=== Dataset excerpts ===

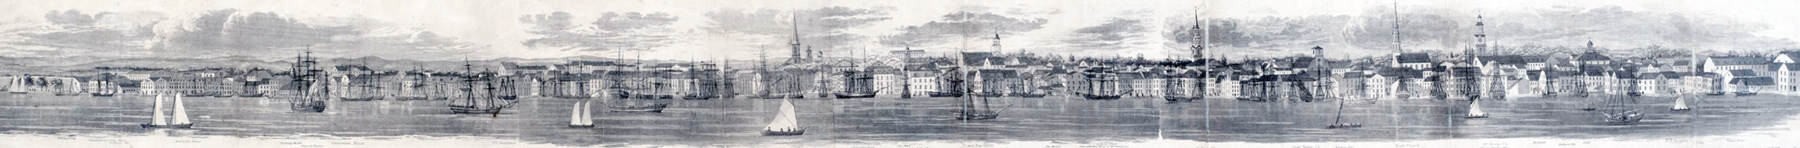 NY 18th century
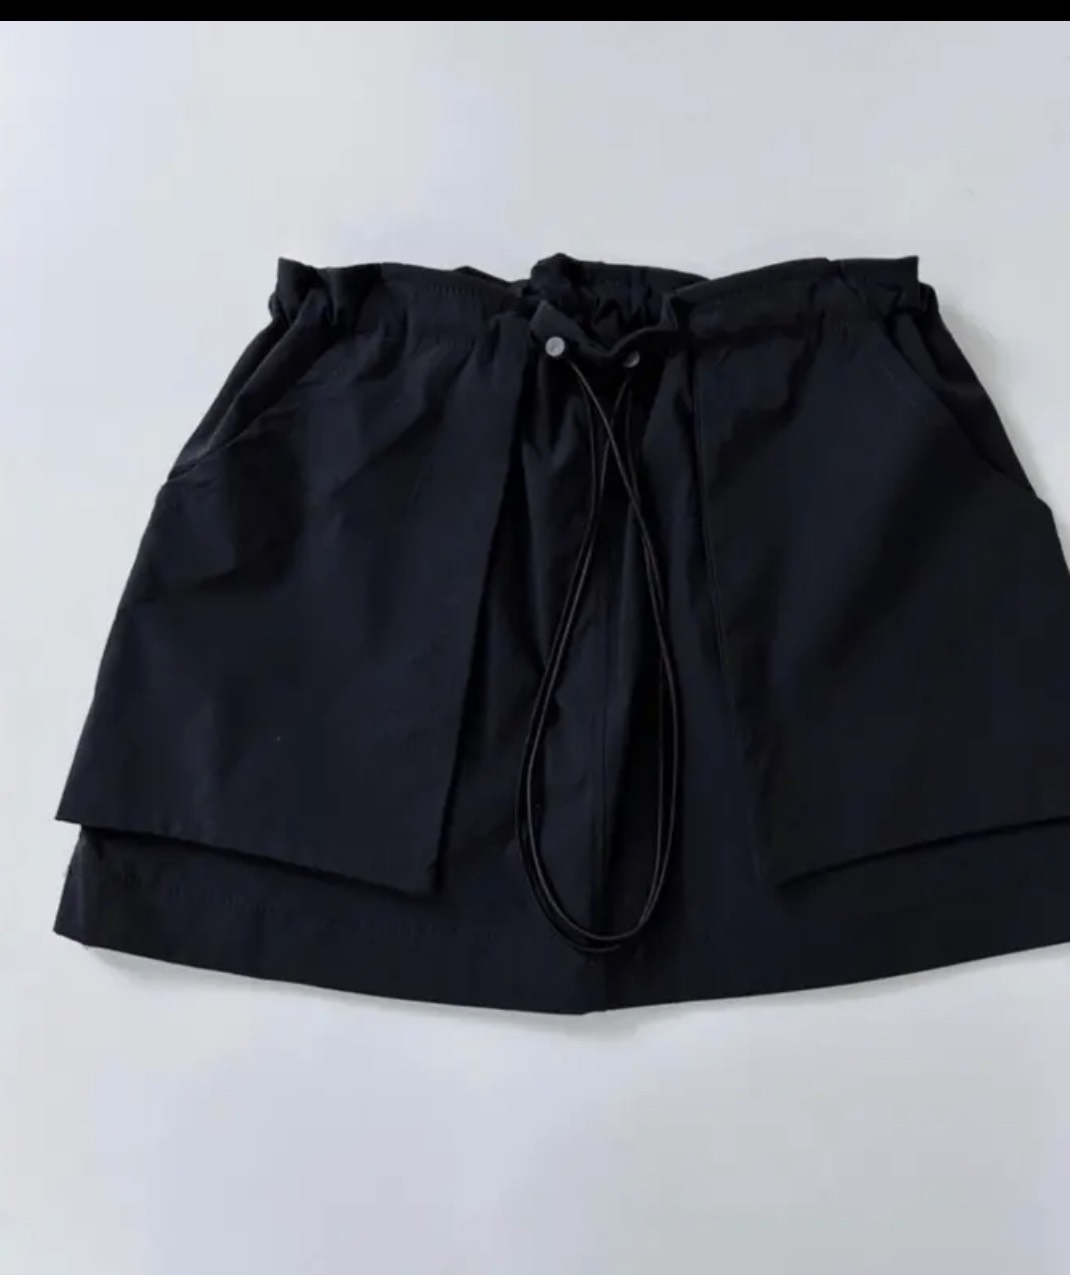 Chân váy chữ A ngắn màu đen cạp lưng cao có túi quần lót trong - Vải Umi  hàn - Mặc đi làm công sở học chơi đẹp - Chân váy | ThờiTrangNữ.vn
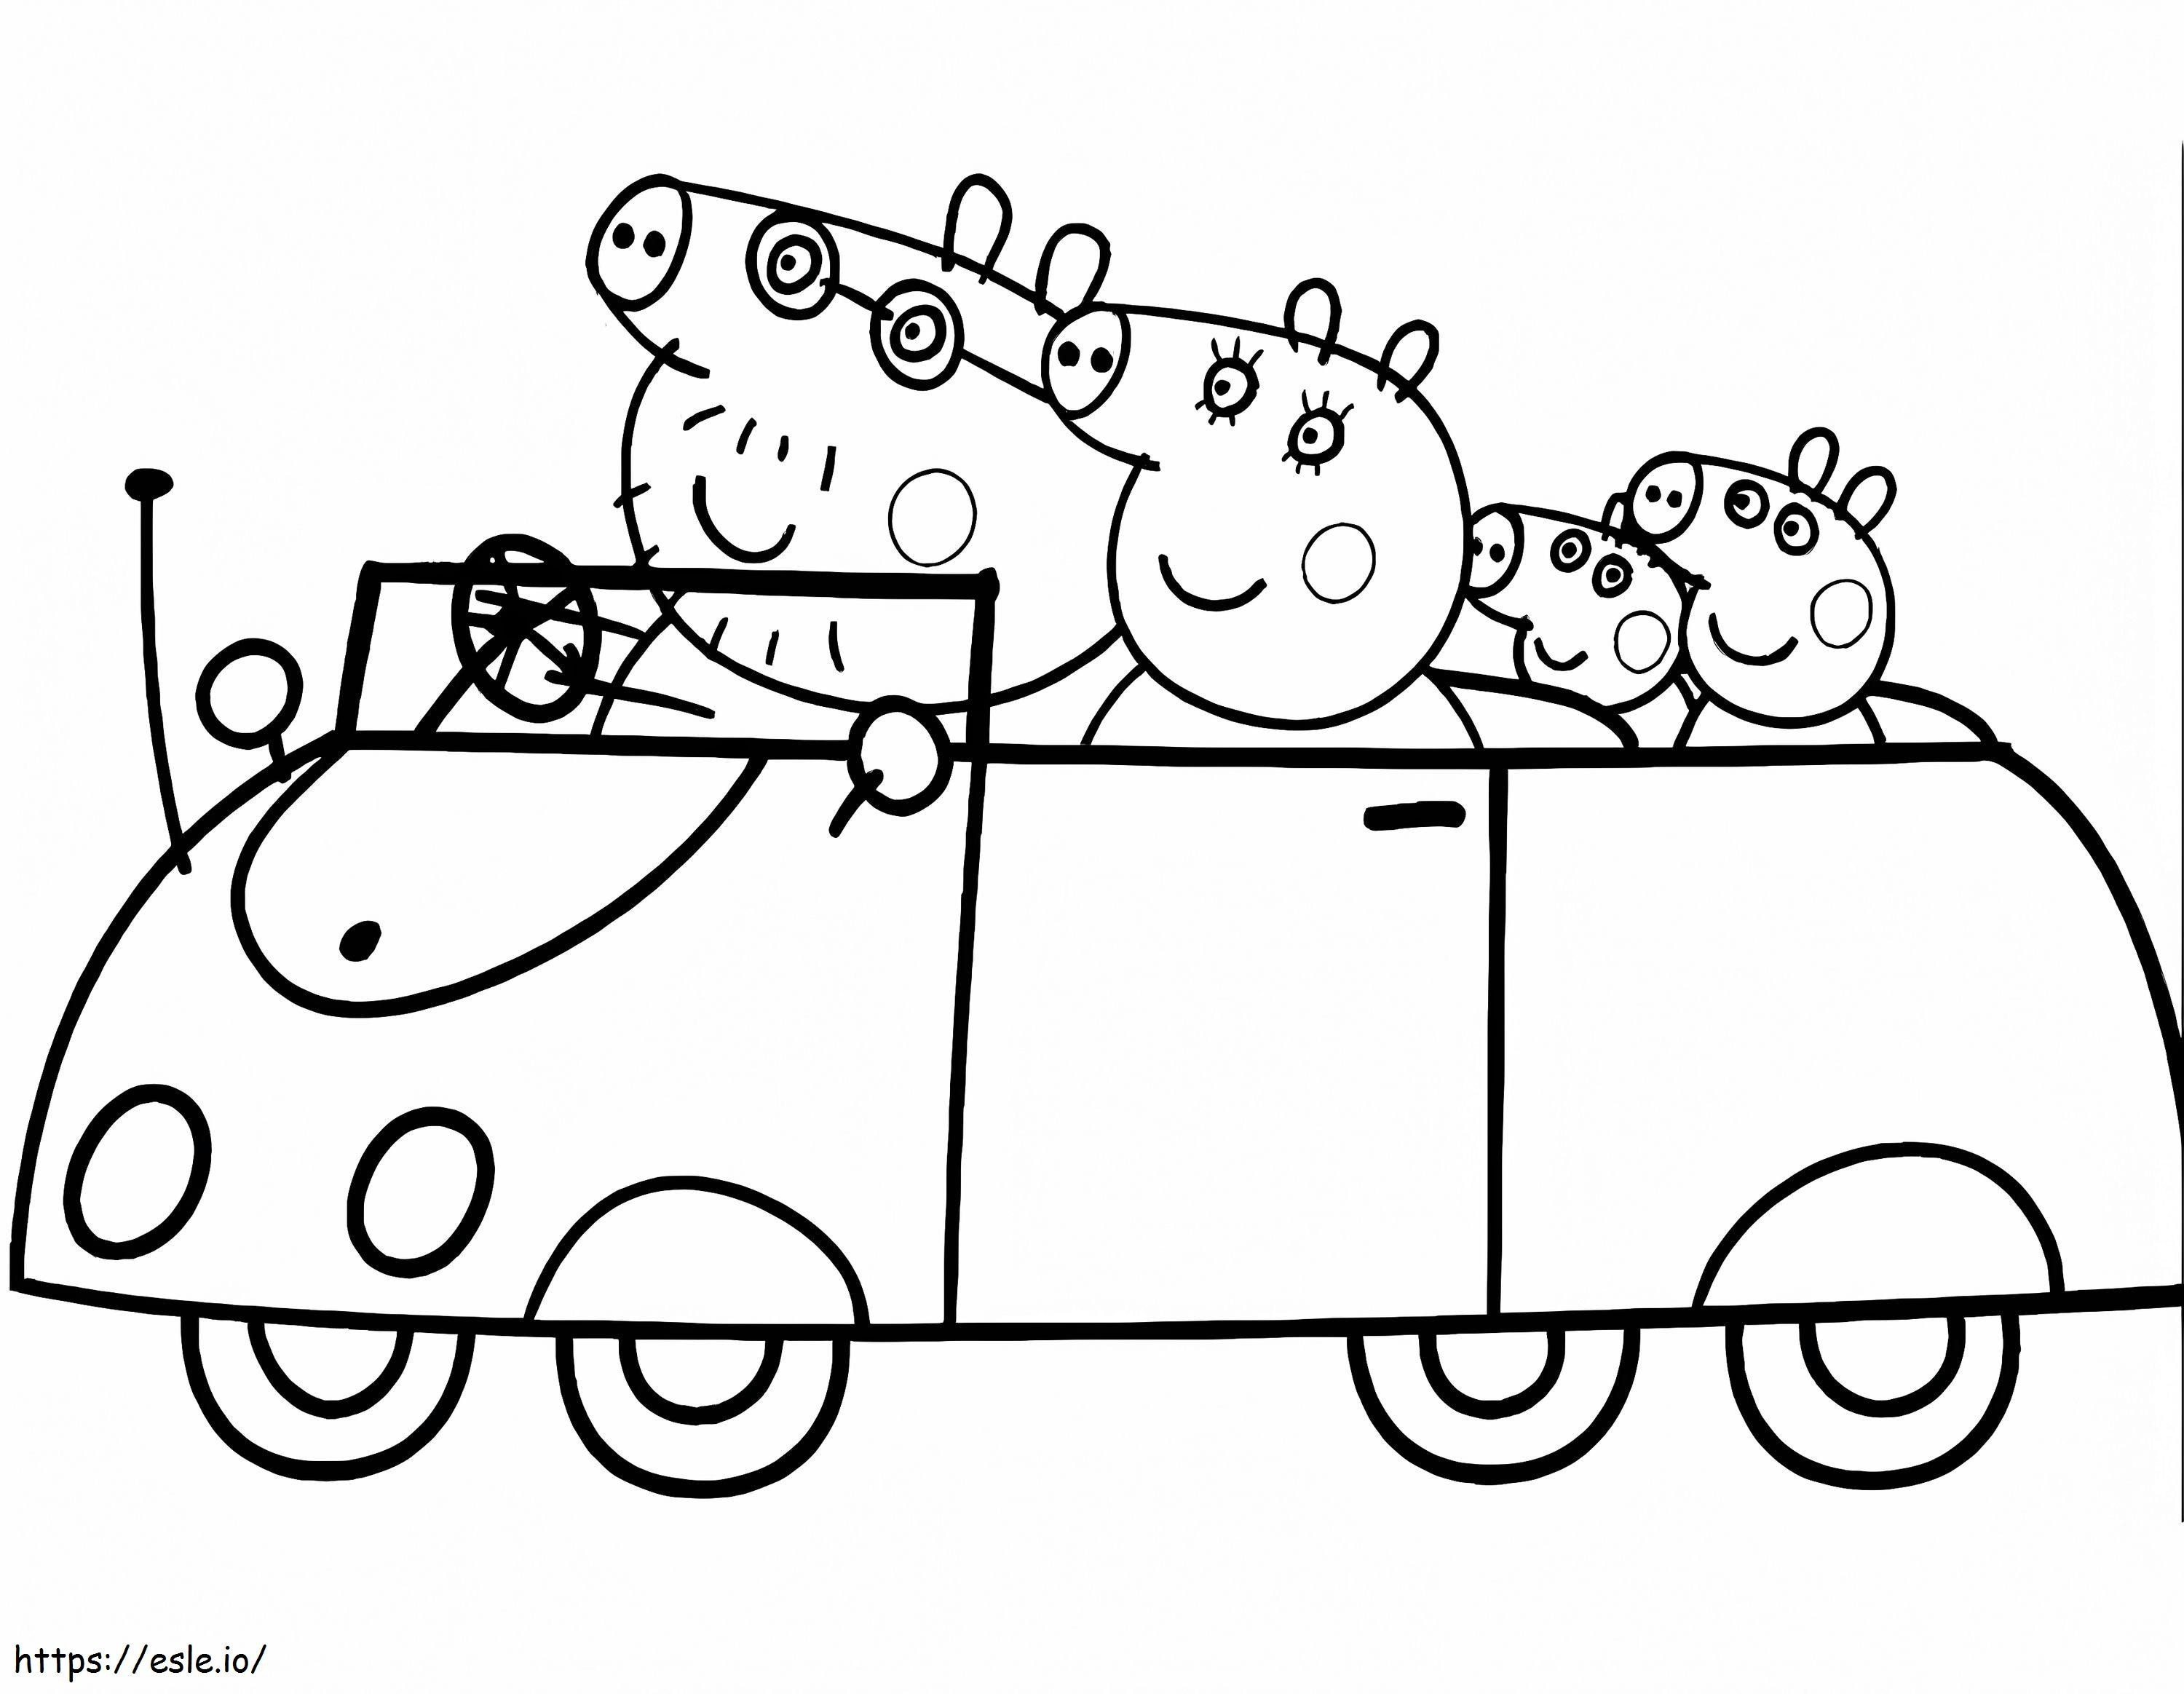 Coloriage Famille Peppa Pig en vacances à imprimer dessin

===
=== Dataset excerpts ===

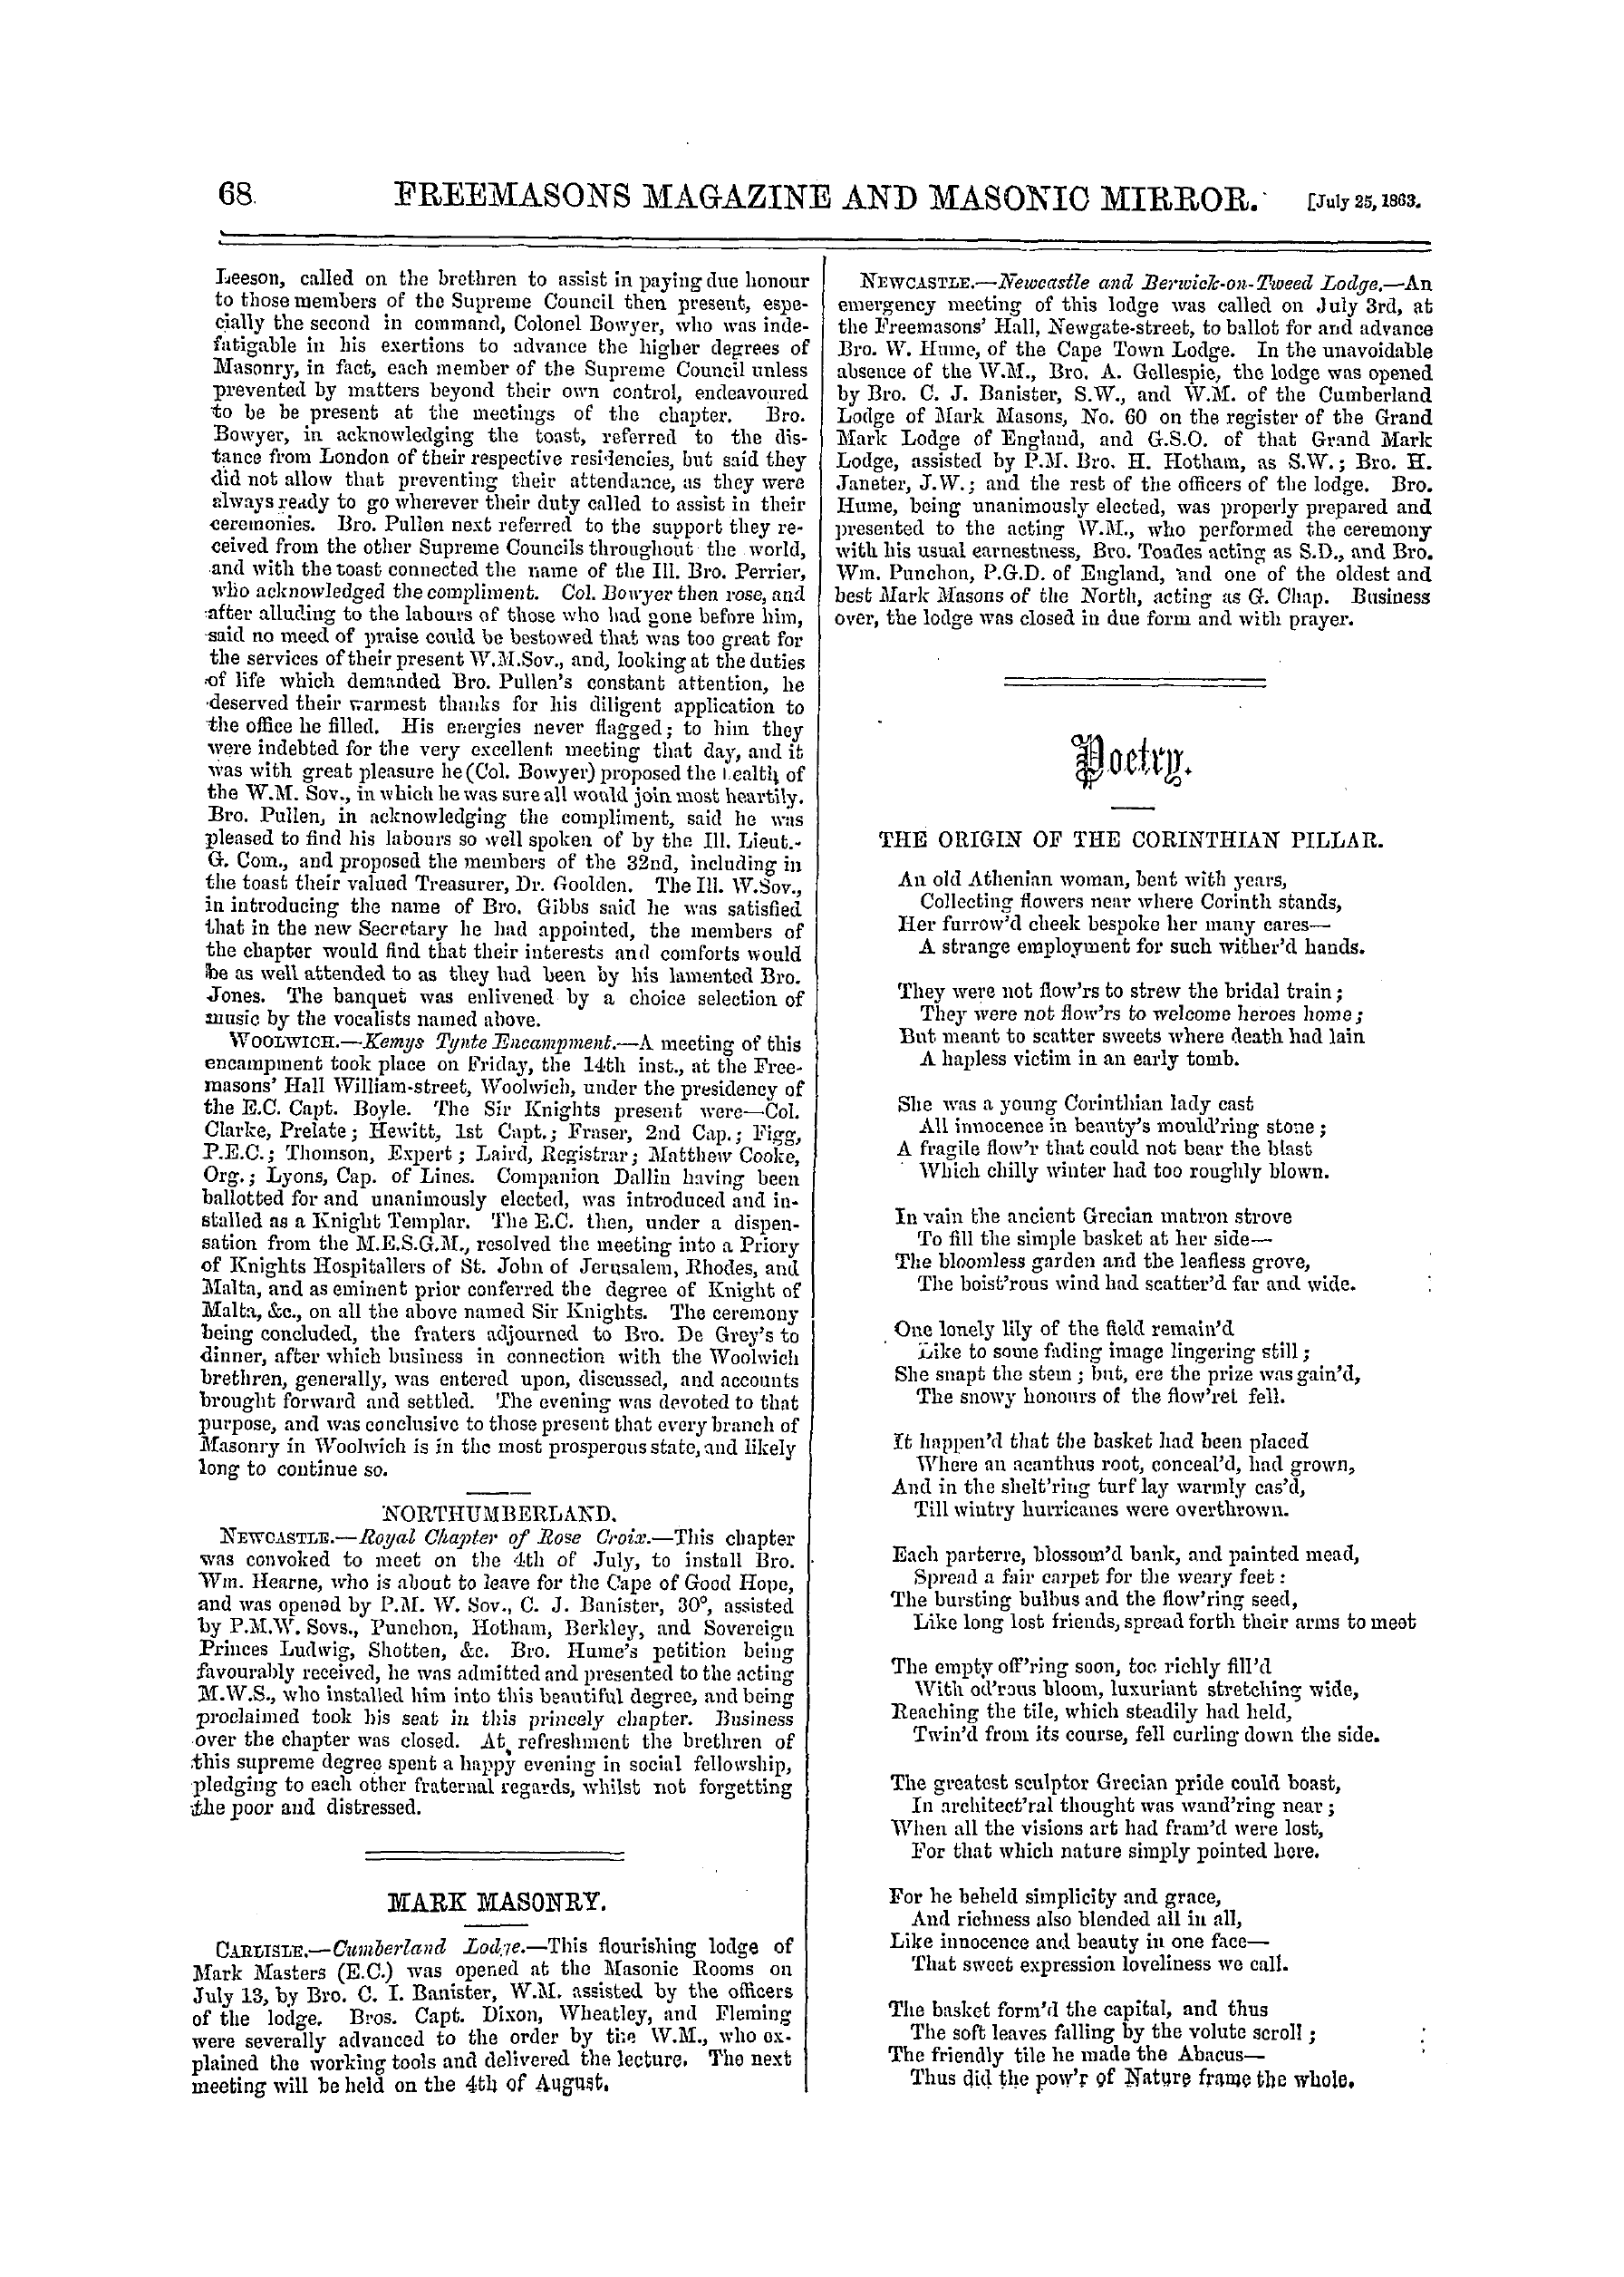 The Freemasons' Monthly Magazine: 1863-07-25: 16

===

Exercise objective ::
Look back over the records above. Reproduce exactly everything from the line with "Chân váy chữ" down to the line with "Coloriage Famille Peppa", inclusive, and leave the pictures out.

Answer section ::
 Chân váy chữ A ngắn màu đen cạp lưng cao có túi quần lót trong - Vải Umi  hàn - Mặc đi làm công sở học chơi đẹp - Chân váy | ThờiTrangNữ.vn
 Coloriage Famille Peppa Pig en vacances à imprimer dessin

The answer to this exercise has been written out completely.